» **Requirement**
Write out exactly every line from the one containing "Christian Dior Belt" through the final line of the material below, both included. Pictures are to be skipped.

» **Information shown**
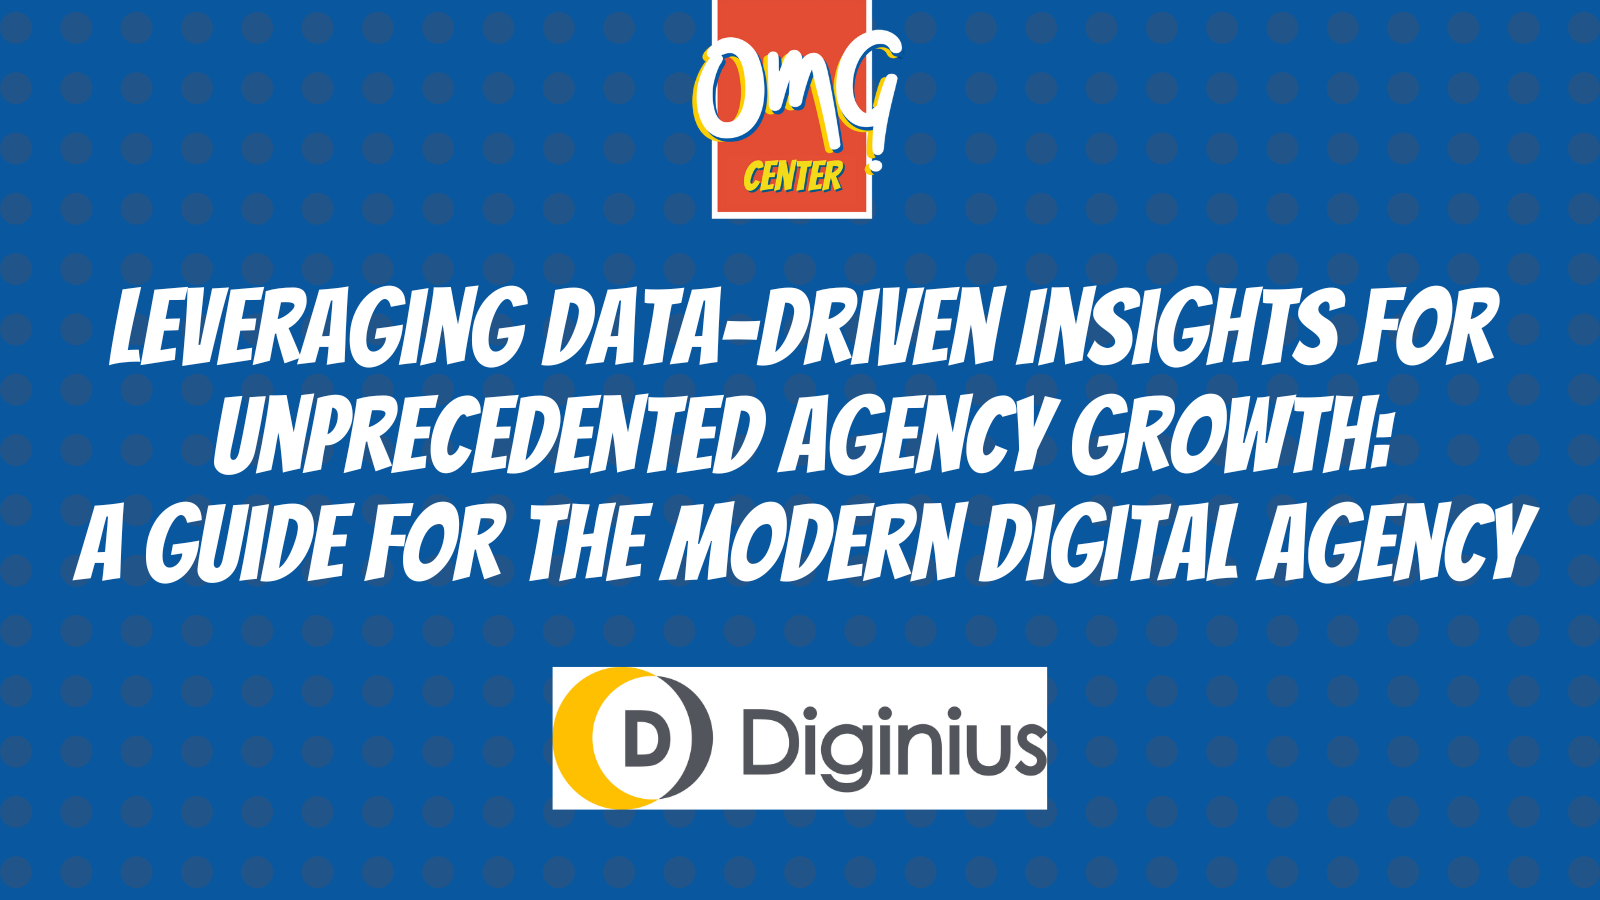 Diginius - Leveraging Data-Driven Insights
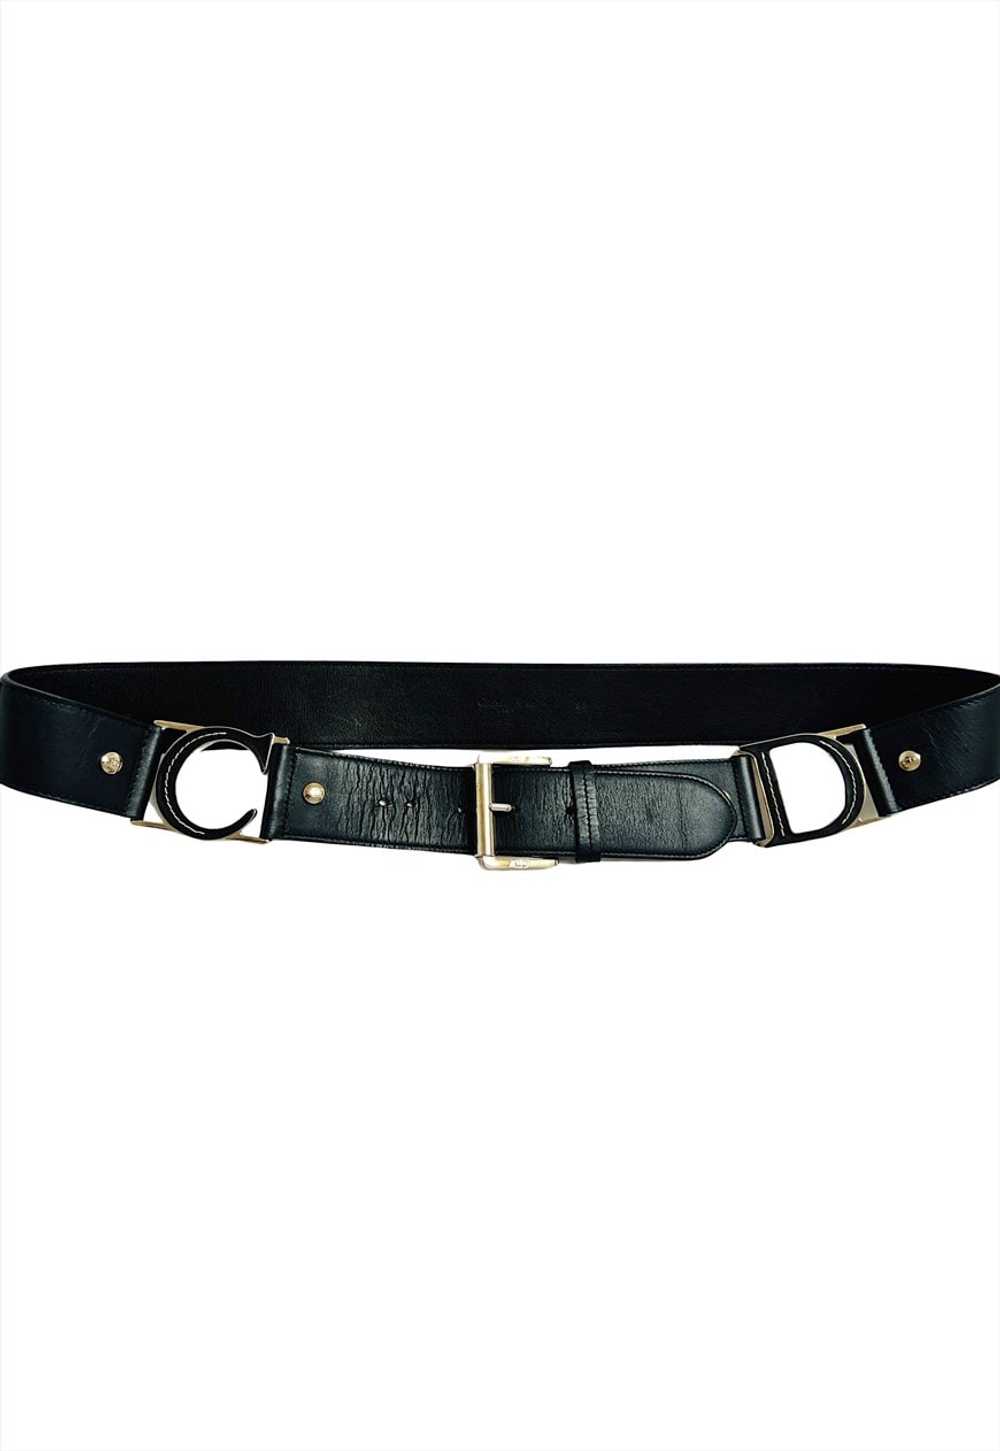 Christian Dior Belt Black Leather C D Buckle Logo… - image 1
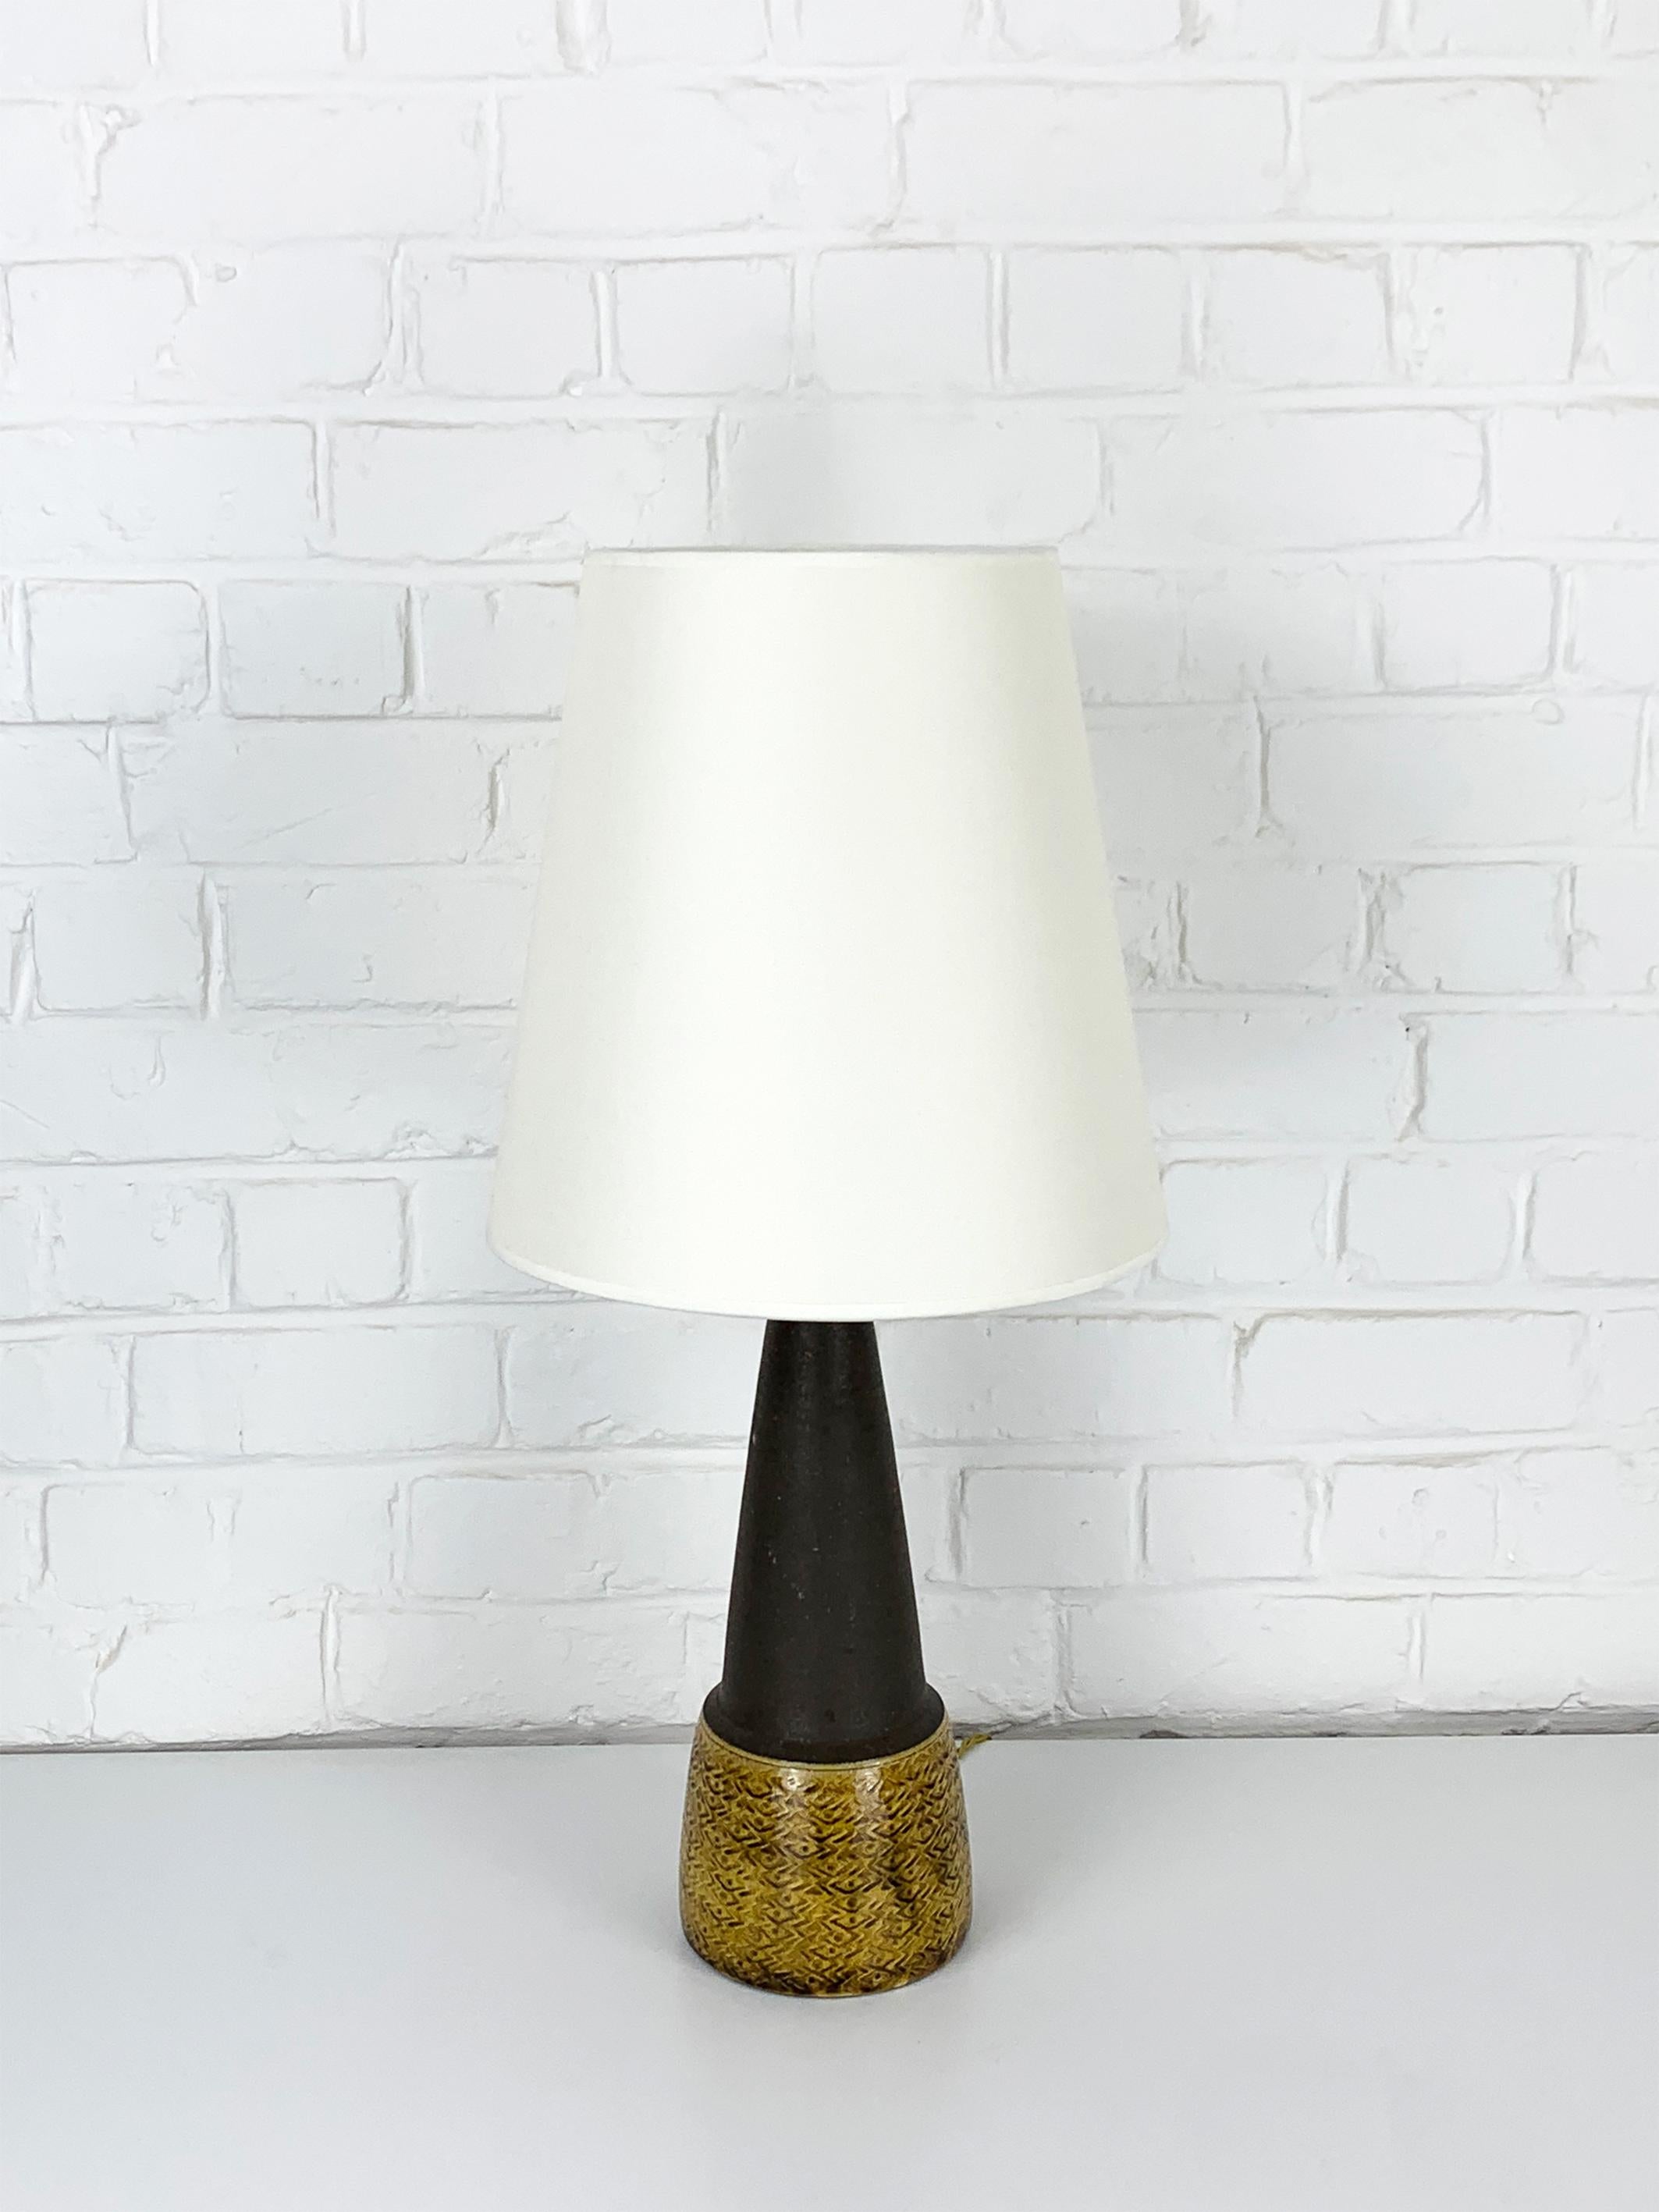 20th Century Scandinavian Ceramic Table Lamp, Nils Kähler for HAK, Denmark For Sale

» **Answer to the exercise**
 Christian Dior Belt Black Leather C D Buckle Logo… - image 1
 20th Century Scandinavian Ceramic Table Lamp, Nils Kähler for HAK, Denmark For Sale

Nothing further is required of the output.